Beyond quarter of one this afternoon, everything in his life was a great funneling darkness.
He didn't mind. It was sort of a relief.
At quarter of ten, John Rainbird slipped into the small monitoring room near Charlie's quarters. Louis Tranter, a hugely fat man whose buttocks nearly overflowed the chair he sat in, was watching the monitors. The digital
thermometer read a steady sixty-eight degrees. He looked over his shoulder when the door opened and his face tightened at the sight of Rainbird.

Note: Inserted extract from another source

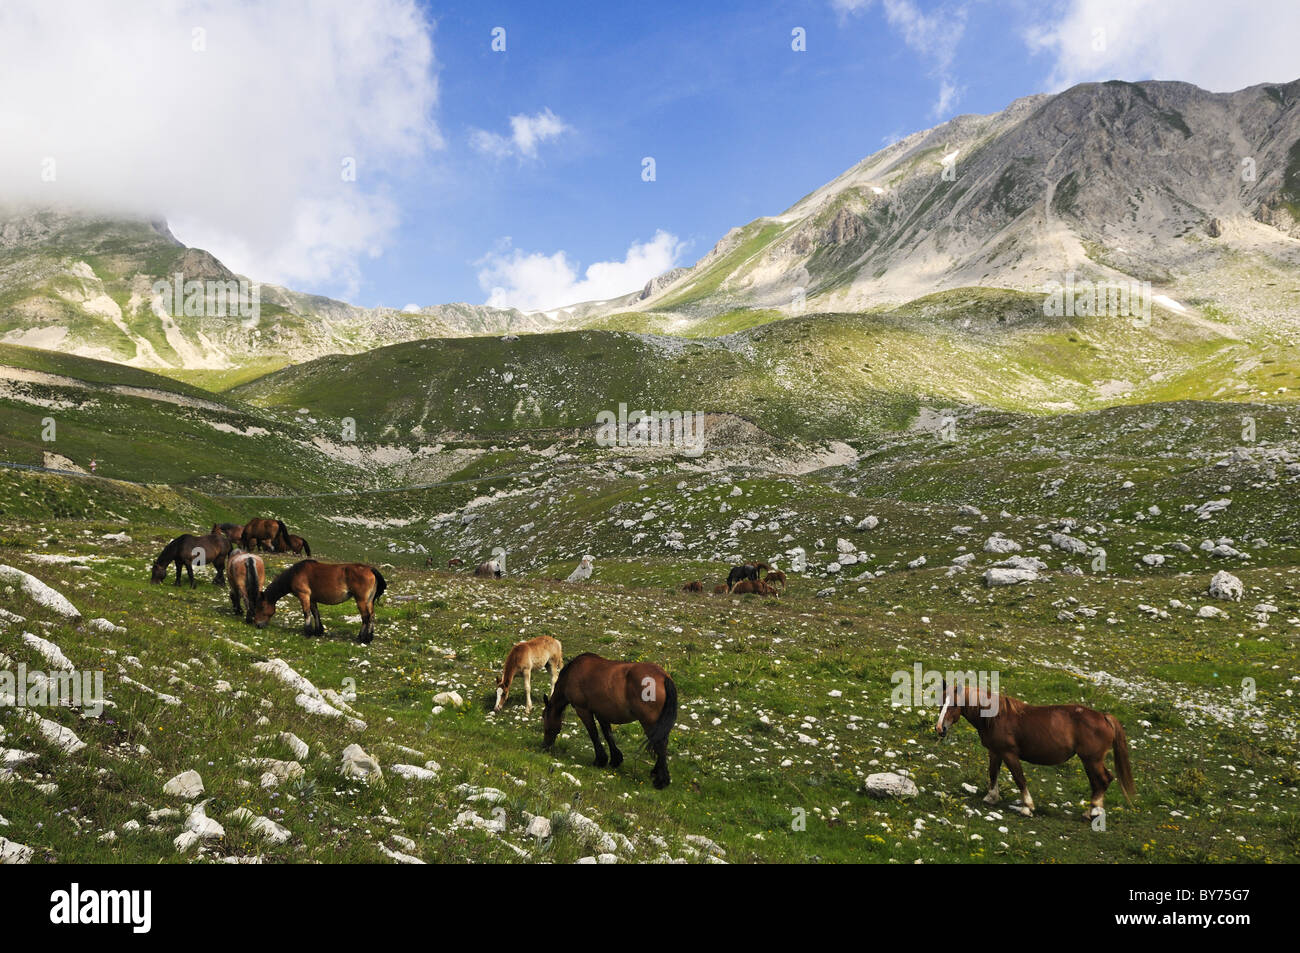 Savaged horses grazing in the mountains, Transhumanz, Campo Imperatore, Gran Sasso National Park, Abruzzi, Italy, Europe Stock Photo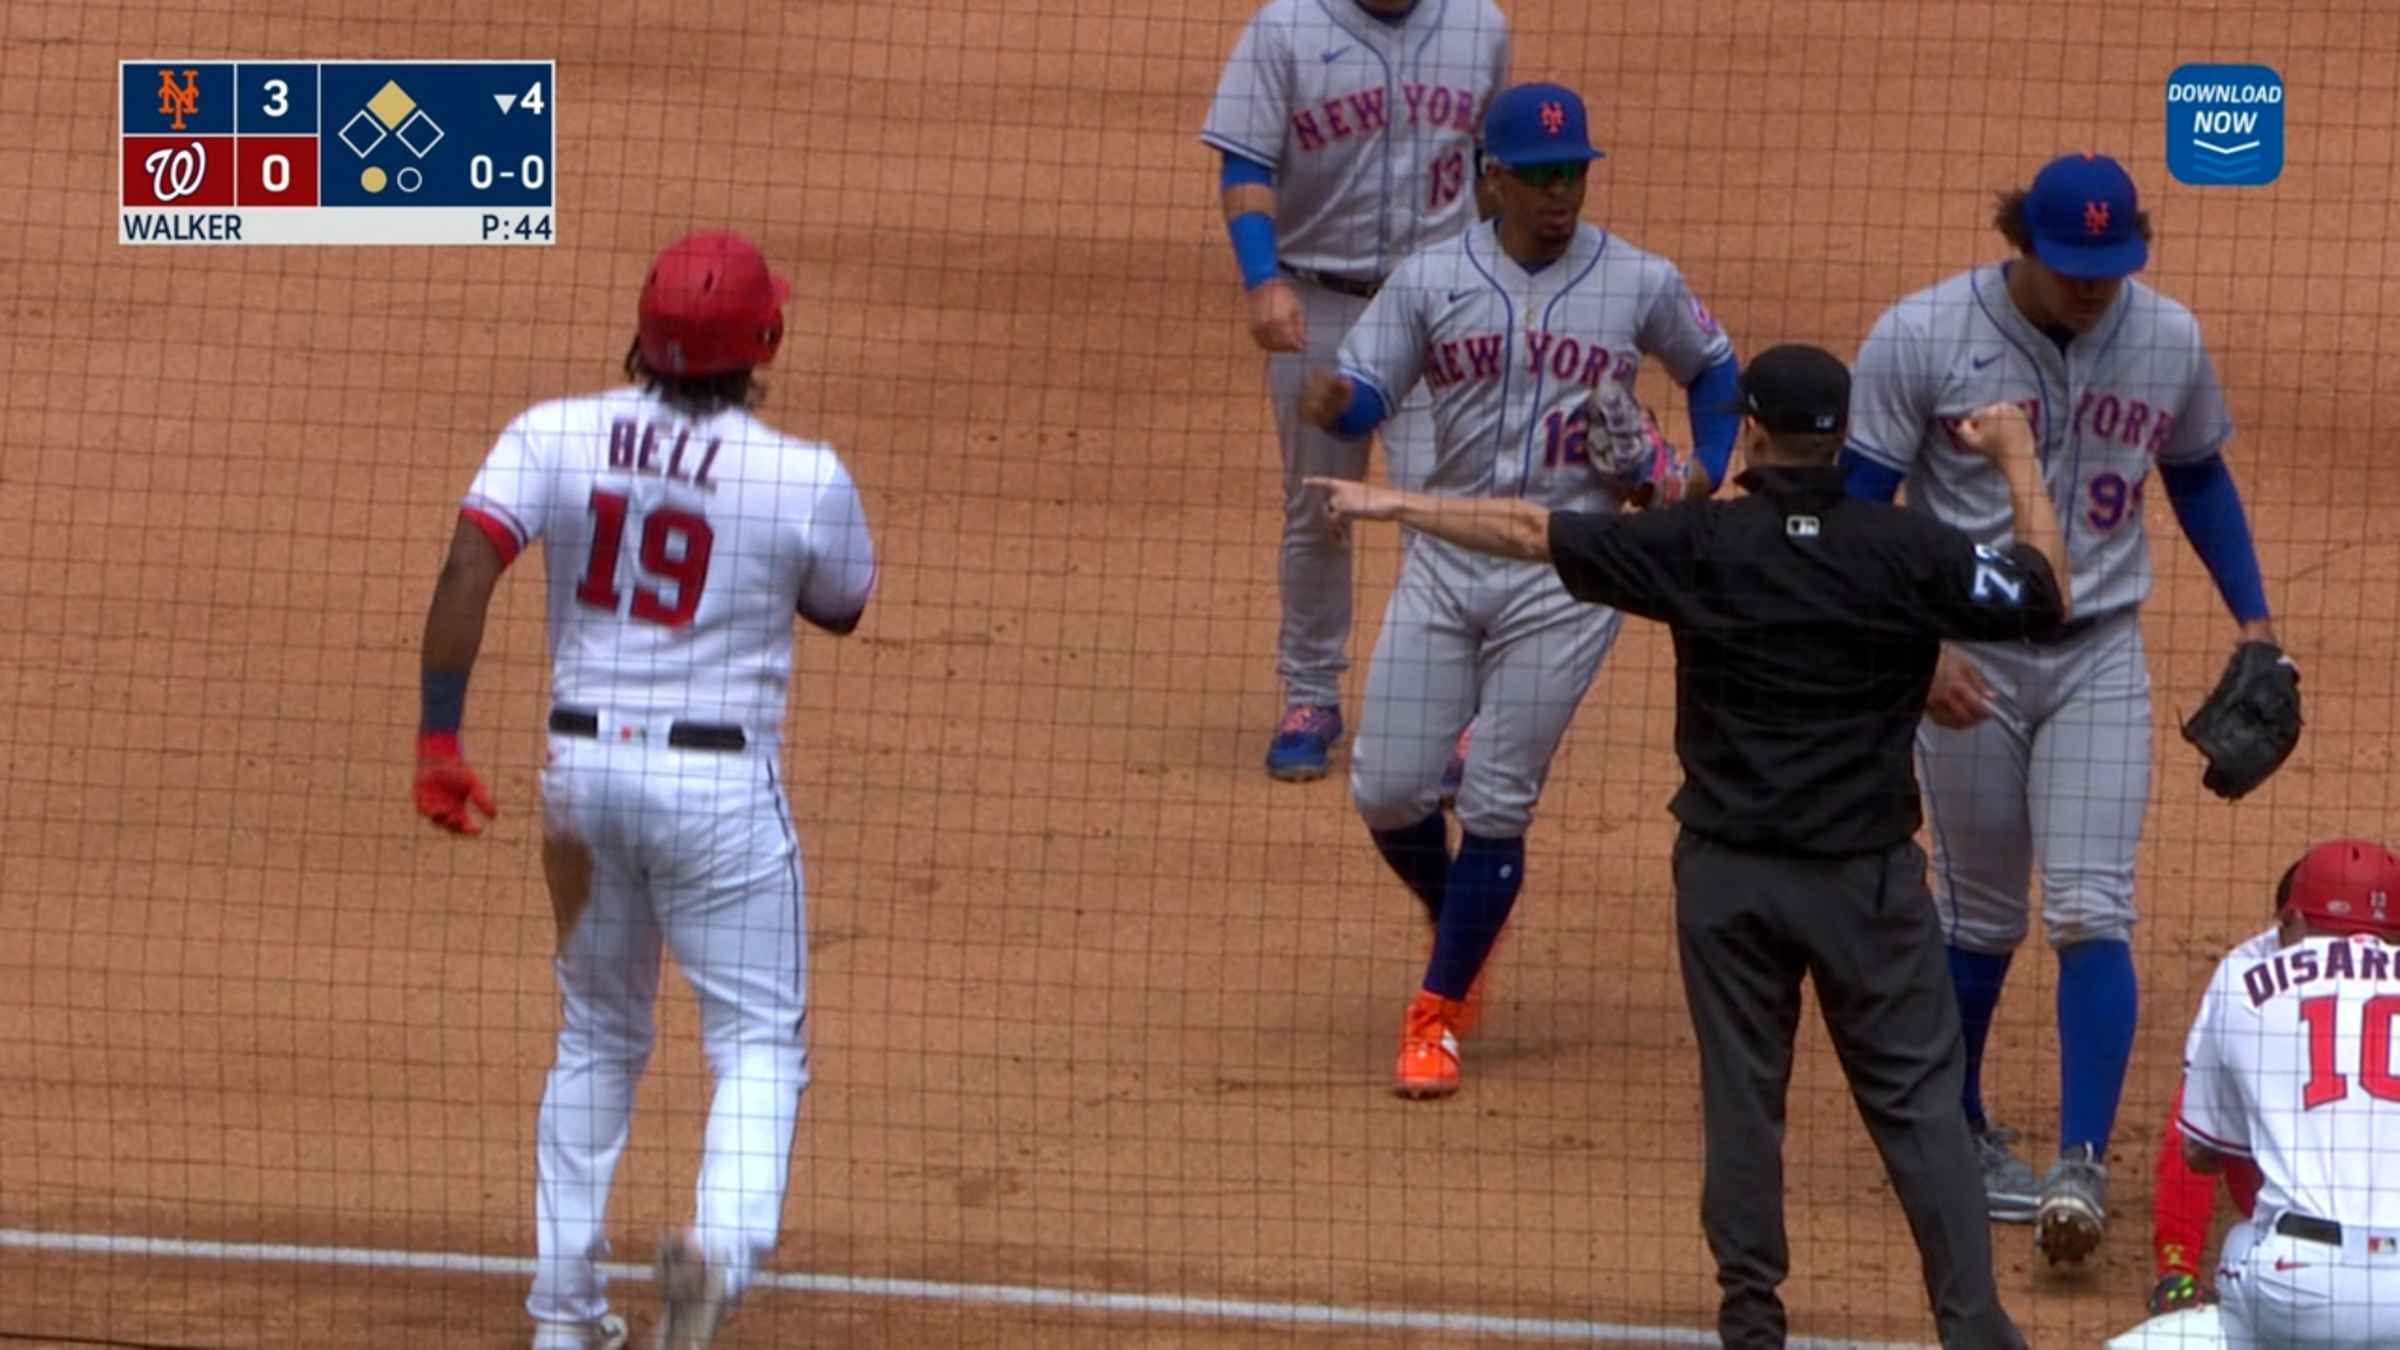 Mets Baserunner Pulled Off a Beautiful Move to Avoid Double Play

“I heard you were leaving town,” he said.
“Scrubbed,” Rainbird said. “And you never saw me this morning at all, Louis.”
Louis looked at him doubtfully.
“You never saw me,” Rainbird repeated. “After five this afternoon I don't give a shit. But until then, you never saw me. And if I hear you did, I'm going to come after you and cut me some blubber. Can you dig it?”
Louis Tranter paled noticeably. The Hostess Twinkie he had been eating dropped from his hand onto the slanted steel panel that housed the TV monitors and microphone pickup controls. It rolled down the slant and tumbled to the floor unheeded, leaving a trail of crumbs behind. Suddenly he wasn't a bit hungry. He had heard this guy was crazy, and now he was seeing that what he had heard was certainly true.
“I can dig it,” he said, whispering in the face of that weird grin and glittering one-eyed stare.
“Good,” Rainbird said, and advanced toward him. Louis shrank away from him, but Rainbird ignored him altogether for the moment and peered into one of the monitors. There was Charlie, looking pretty as a picture in her blue jumper. With a lover's eye, Rainbird noted that she had not braided her hair today; it lay loose and fine and lovely over her neck and shoulders. She wasn't doing anything but sitting on the sofa. No book. No TV. She looked like a woman waiting for a bus.